Permintaan Maaf Menpora Gelar Pawai Olimpian Paris 2024 Tak dalam Akhir Pekan

Menpora Dito Ariotedjo memohon maaf terhadap rakyat Indonesia lantaran menyelenggarakan pawai Olimpian Paris 2024 dalam berada dalam pekan tidak akhir pekan. Dia menuturkan bahwa hal itu dilaksanakan mengingat atlet harus kembali berlatih untuk mempersiapkan diri tampil di dalam event berikutnya.
Menpora menyampaikan para atlet kemarin sudah ada diberi jeda sehari untuk beristirahat lalu berkumpul bersatu keluarga pasca tiba di tempat Tanag Air, Selasa (13/8/2024). “Saya ingin mohon maaf terhadap rakyat oleh sebab itu berbagai sekali yang komentar ‘Kenapa tidak ada dilaksanakan ketika Sabtu-Minggu ataupun pada waktu Car Free Day?’ dikarenakan para kontingen lalu para atlet baru tiba dari Paris dua di malam hari lalu kemudian kita berikan waktu sehari istirahat dulu sama-sama keluarga,” kata Dito.
“Pawai ini kita lakukan Alhamdulillah Bapak Presiden secara langsung menerima hari ini agar setelahnya ini para atlet mampu kembali berlatih juga juga para atlet bisa saja kembali pergi untuk melakukan kompetisi di dalam tingkat regional lalu dunia lainnya,” tambahnya.
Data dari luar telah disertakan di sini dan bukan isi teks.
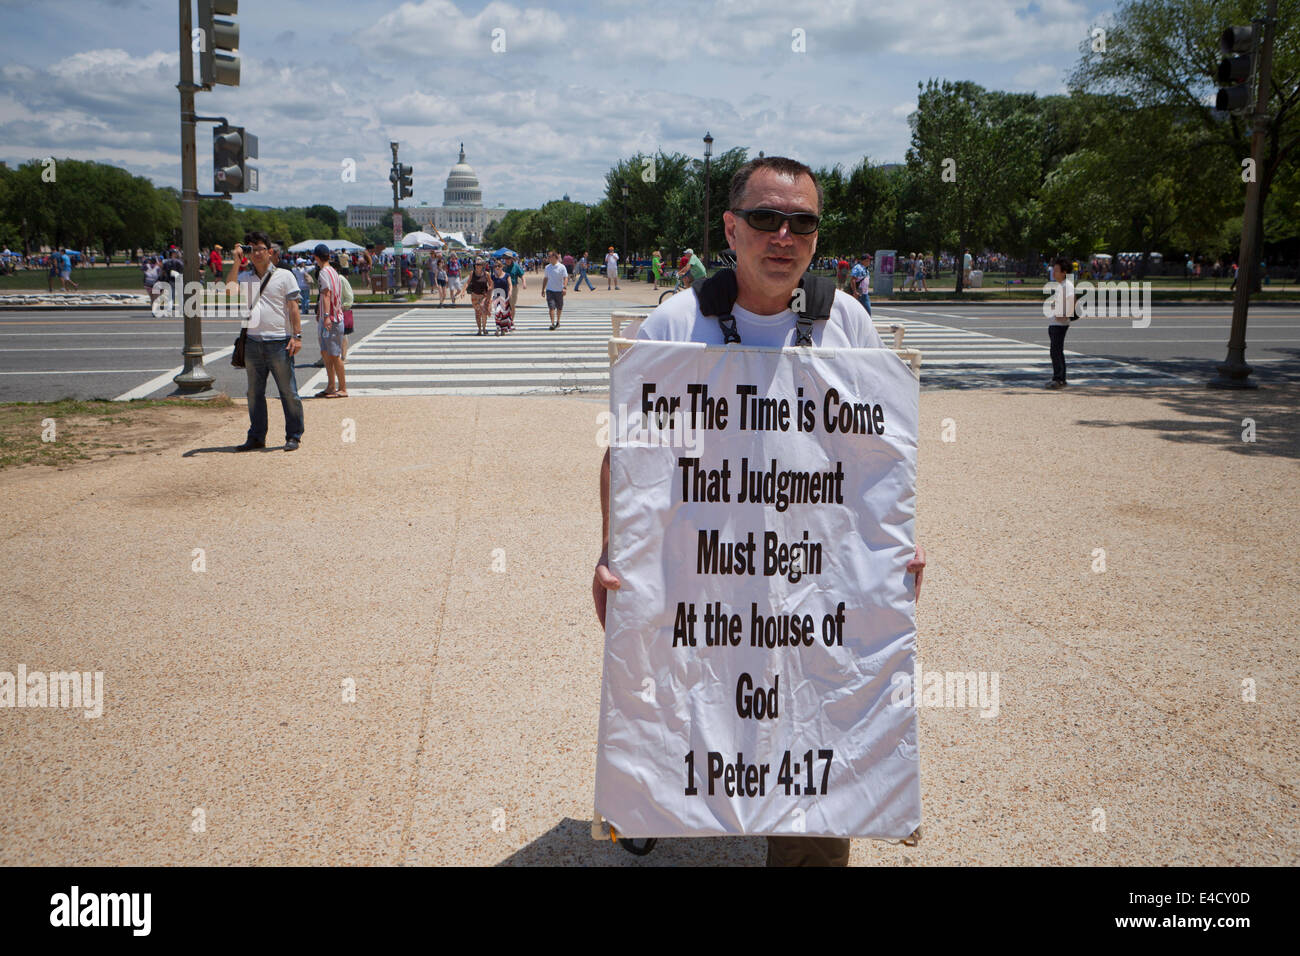 Street evangelist wearing Christian message sign - Washington, DC USA Stock Photo

Sejumlah atlet Indonesia terlibat meramaikan pawai ini, tak terkecuali sang peraih medali emas Olimpiade 2024, Veddriq Leonardo dan juga Rizki Juniansyah. Gregoria Mariska Tunjung, yang digunakan meraih medali perunggu pun turut berada di rombongan.
Pawai yang disebutkan berlangsung cukup meriah. Meski rakyat tak memadati pinggir jalan Ibu Perkotaan dari Kantor Kemenpora menuju Istana Negara Kepresidenan, sejumlah dari merekan yang tersebut turut menyaksikan dan juga menyapa para Olimpian Indonesia yang tampil pada berhadapan dengan bis tingkat tak beratap.
Sebelumnya, setelahnya Kemenpora mengumumkan akan ada pawai Olimpian Indonesia pada Kamis (15/8/2024) di dalam media sosial, netizen sejumlah yang melakukan protes. Mereka menyayangkan arak-arakan itu diadakan pada hari kerja sehingga merekan tak bisa saja terlibat meramaikannya.
Untuk diketahui, semua atlet yang digunakan mewakili Indonesia pada Olimpiade Paris 2024 akan diguyur bonus dari pemerintah pusat. Untuk peraih medali emas, yakni Veddriq Leonardo kemudian Rizki Juniansyah mendapat uang sebesar Rp6 miliar.
Sementara instruktur yang digunakan membantu atletnya meraih emas diganjar bonus sebesar Rp2,75 miliar. Sedangkan atlet yang digunakan meraih medali perunggu, Gregoria Mariska Tunjung, mendapat Rp1,65 miliar kemudian pelatihnya memperoleh Rp675 juta.
Selain para peraih medali, Presiden Jokowi juga menjamin semua atlet yang dimaksud tak meraih medali juga tetap saja mendapat bonus. Jumlahnya adalah senilai Rp250 juta.